## A lift

Time variation of position x(t) of a lift cage is shown in the picture.

a) Describe verbally the motion of the cage.

b) Draw the time variation of the speed of the lift cage.

c) Draw the time variation of the acceleration of the lift cage.

d) A spring with a ball hangs from the ceiling of the cage. Describe the behaviour of the spring during the motion of the lift.

Point A: position x = 0 m  in the time t = 1 s

Point B: position x = 4 m  in the time t = 3 s

Point C: position x = 24 m  in the time t = 8 s

Point D: position x = 27 m  in the time t = 9 s

• #### Hint 1 for a): Description of the motion

Divide the motion of the lift cage into separate sections between the origin of coordinates and point A, between point A and point B, between point B and point C, between point C and point D, and between point D and the end. You can determine what kind of motion the cage performs in each of the separate sections based on the shape of the curves corresponding to the time variation of position x(t) of the lift cage.

• #### Hint 2 for b) Coordinates of the speed

You know from the previous hint what kind of motion is there in each part, so you can decide if the magnitude of the speed changes or not and how.

Determination of the magnitude of the speed is easy for the motion of the cage before point A and after point D.

Between points A and B and between points C and D the lift moves with a constant acceleration. You know what the initial and the final magnitude of the speed is in both parts. You can draw a shape of the curve into a graph easily.

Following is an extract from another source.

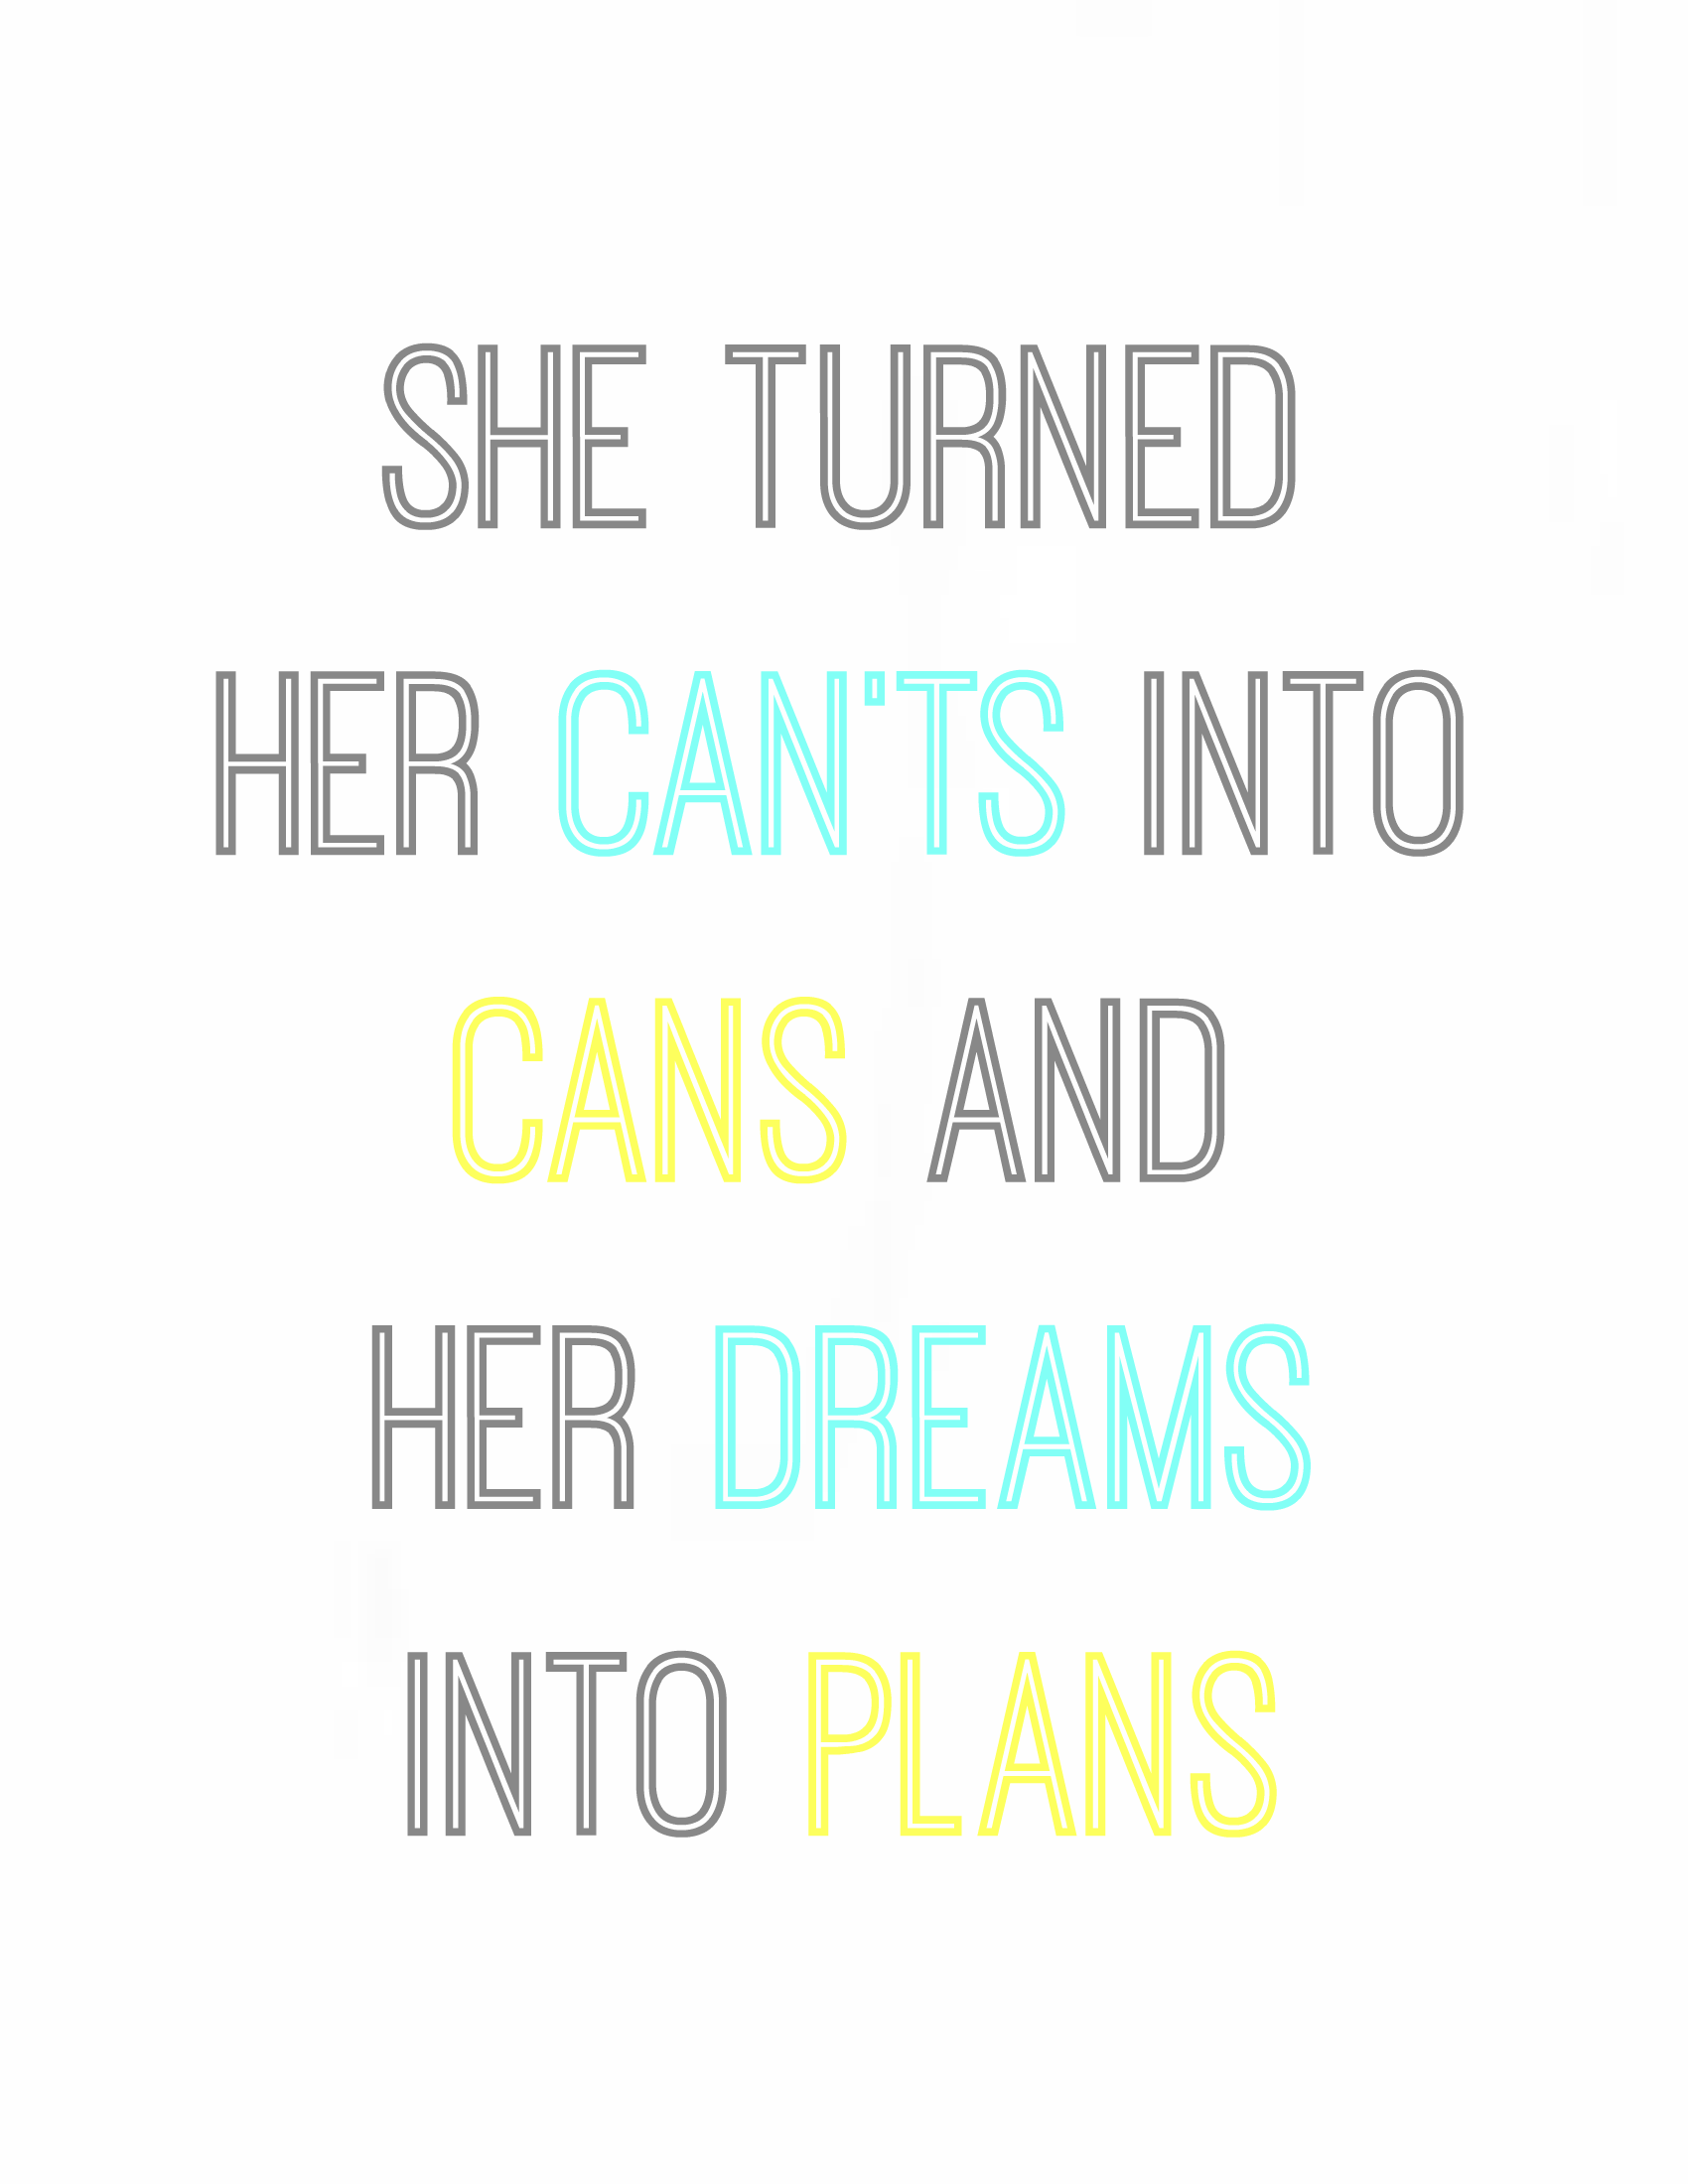 Dreams Into Plans Free Printable

You know that the motion maintains constant speed between points B and C. You can determine the magnitude of the speed of the lift cage from the graph in the assignment.

• #### Note

Consider if it were possible to determine reversely the course of the position x(t) from the graph vx(t).

A solution to this problem isn’t clear-cut. The graph of the functional vx(t) gives only some information on the changes of the position (not on the position itself). We can determine changes of the position from the graph in an arbitrary time interval

$\int_{t_1}^{t_2}{v_x(t)}$

which corresponds to the area of the surface under the curve in the graph restricted by the start up and the end point of the time interval. To determine the position at the beginning and at the end of this interval we need a next piece of information for example the position in time t = 0 s .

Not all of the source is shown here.